Who runs the ward in 2023? Does anyone know or care? Who looks after the nurses? Debi explains that in the 1970s there was never a question of who was in charge of the ward; it was always the Ward Sister or Charge Nurse (the male version). However, Jenna explains that times have changed and there is often confusion about who is in charge, or if there is anyone in charge at all.
Patients are no longer called patients, client, Service users Or countless other names. Just as patients seem to have lost their identity, so too have nurses. Nurses of Devi's generation proudly wore their starched, laundered hospital uniforms, strived to earn precious badges from professional associations, and, once qualified, felt a fierce loyalty to their hospitals and their patients.
Uniforms were the perfect way to identify staff. First year nursing students wore different coloured belts or just one stripe on their caps. Qualified nurses wore belts and buckles, badges and different coloured uniforms and everyone knew each other. In Debi's time there were no NHS trusts and each hospital had its own identity, matching uniforms and training. In fact there was a friendly rivalry between the London hospitals where Debi trained which was healthy and fun.
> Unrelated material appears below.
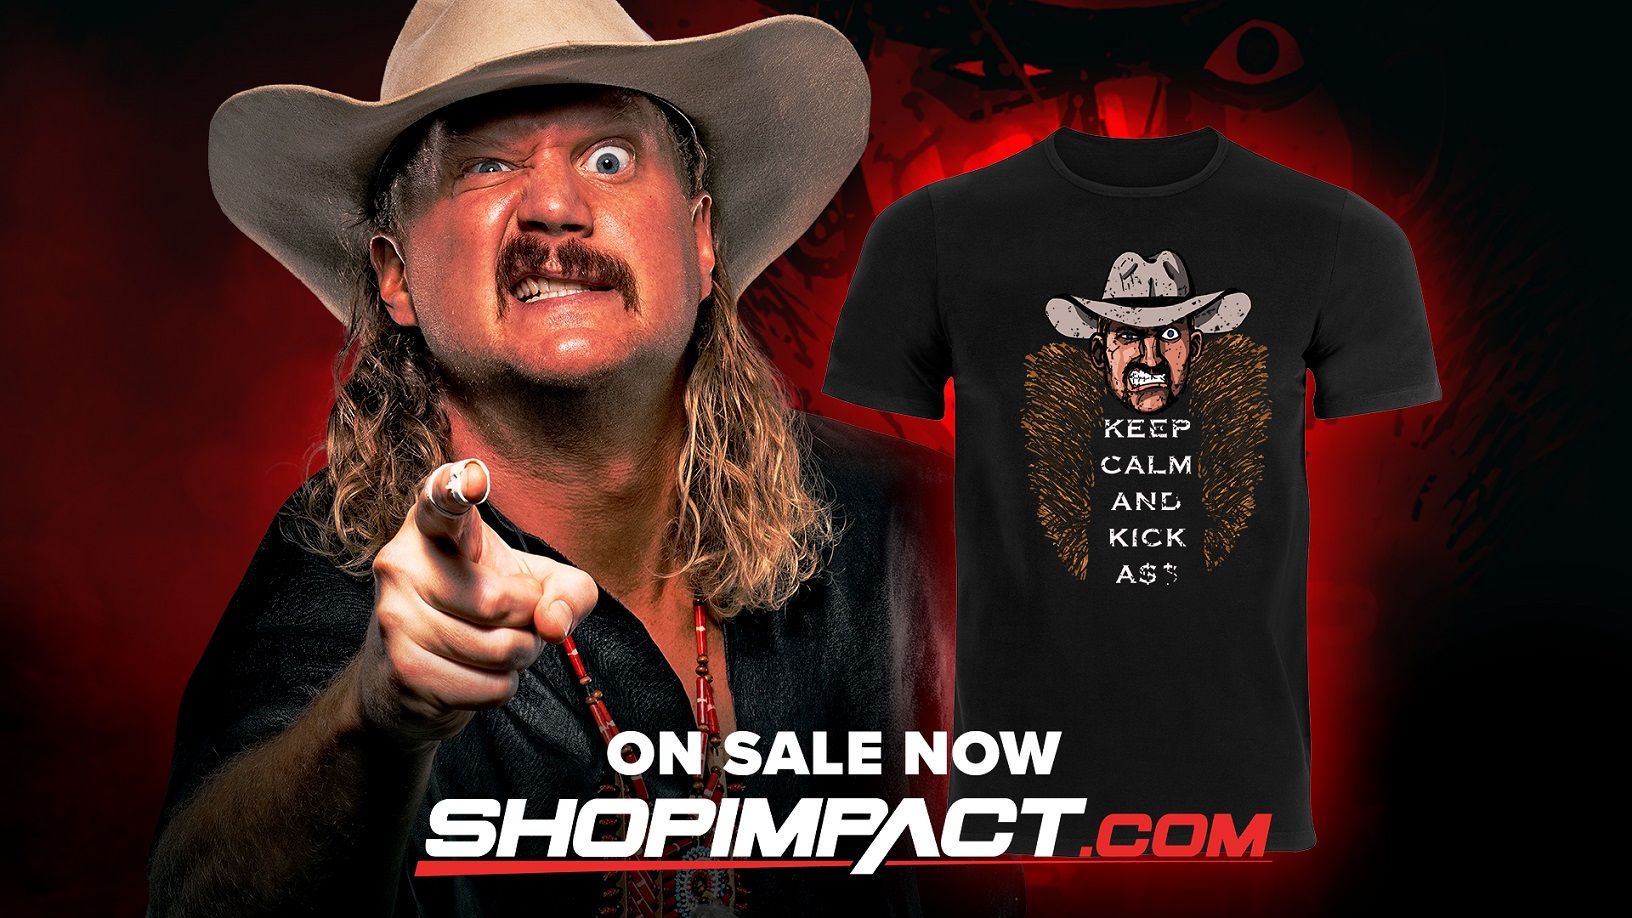 Joe Doering “Keep Calm and Kick Ass” T-Shirt Available Now on ShopIMPACT.com

Jenna reveals that for her generation of nurses, “rewards” and praise for successfully completing the day's designated tasks seem to outweigh patient-centered care, whereas in 1976, rewards were seeing a patient get better, receiving a hug from a grateful relative, and often personal, implicit rewards carried a lot of weight. As Jenna points out, being kind or smiling today rarely elicits praise or attention.
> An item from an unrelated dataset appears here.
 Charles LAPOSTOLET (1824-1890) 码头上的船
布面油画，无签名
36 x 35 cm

In 2023, nurses' eyes never seem to rise above the iPad screen. Basic nursing care seems to have been replaced by a checklist of “jobs to be done.” Washing patients, changing their beds, brushing their teeth (even dentures) are no longer considered “glamorous” jobs. And why would a nurse want to do those things anyway? With all the gadgets and contraptions on the ward, what motivates a modern nurse to sign up to learn to feed people?
Jenna explains that it seems like the fundamental principles of nursing have almost quietly disappeared. Why has this happened? And why are nurses so busy now? Busy with what? No one is too busy to remember a patient's name, to smile and reassure them, to help them take something to drink or eat nutritious food, to hold their hand or sit at their bedside for a quick tea and chat. Yet these small but very important tasks seem to be overshadowed by the technology gurus.
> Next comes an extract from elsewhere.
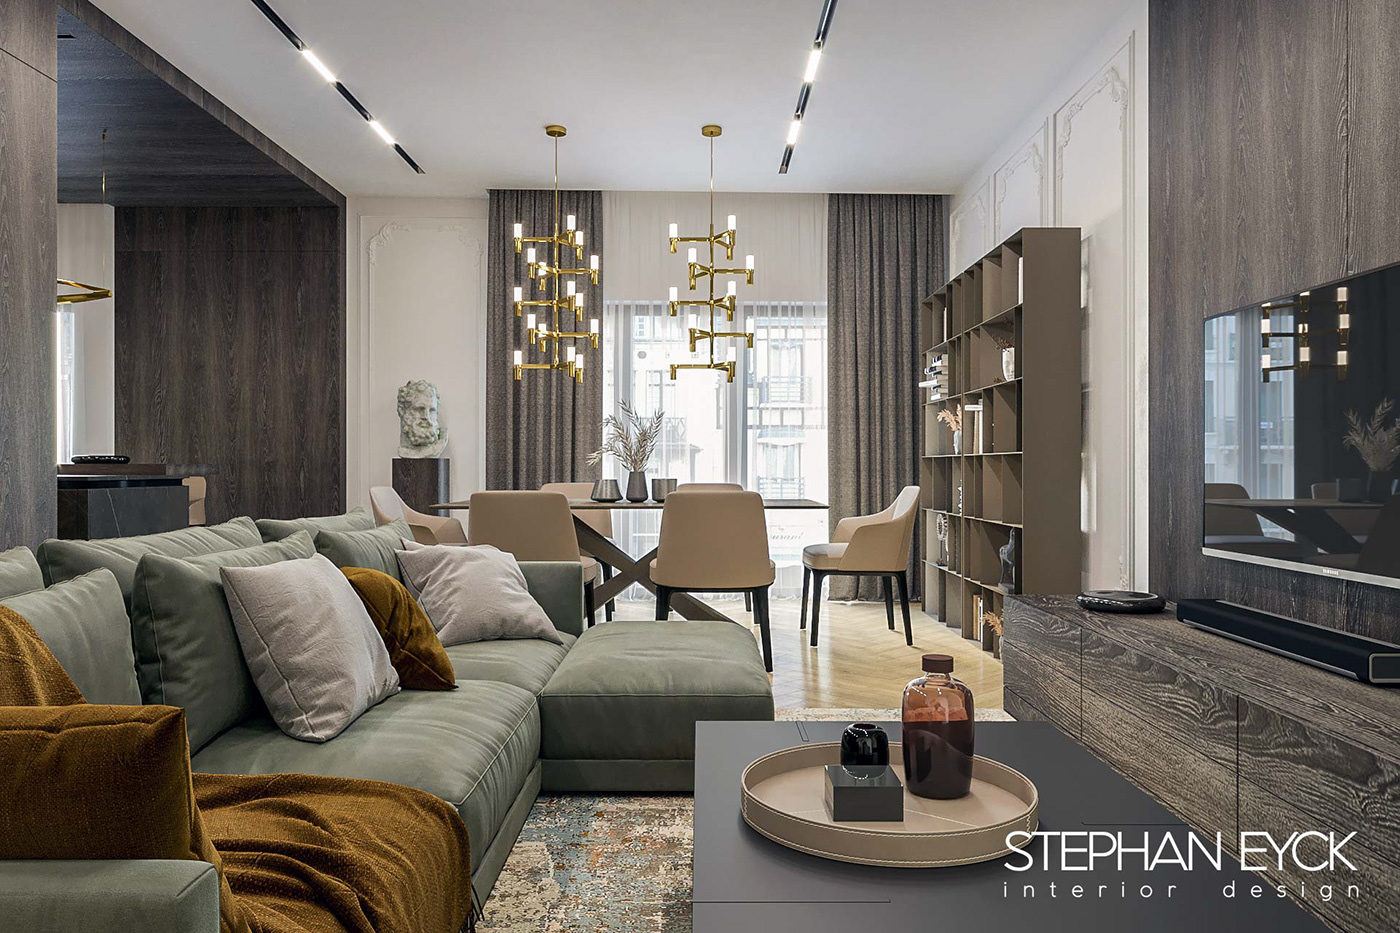 budapest corona render  design interior interior design  penthouse stephane eyck

In 2023, with modern medicine, medical equipment, and cutting-edge facilities flooding hospitals, Jenna and Debi agree that nursing may have become too complicated and that we need to get back to basics. What happened to the “tender loving care” (TLC) that was always available and never went away? While many argue that we should move with the times and not go back, others, although from a very different generation, agree with Jenna and Debi. Going back and getting back to basic nursing care is the way to go, fast. In other words, bring back the Matron.
Jenna Pratt continues to travel the country asking questions, so if you see her out and about, give her a smile and a cheer. Check out Jenna's podcast here here.
The message Debi and Jenna want to get across to all nurses is to do your part, no matter how small. Smile and follow what your heart and soul tell you is right. When you put your head on the pillow tonight, know that you will sleep soundly knowing that you did the best you could and followed the code of professional conduct and ethics.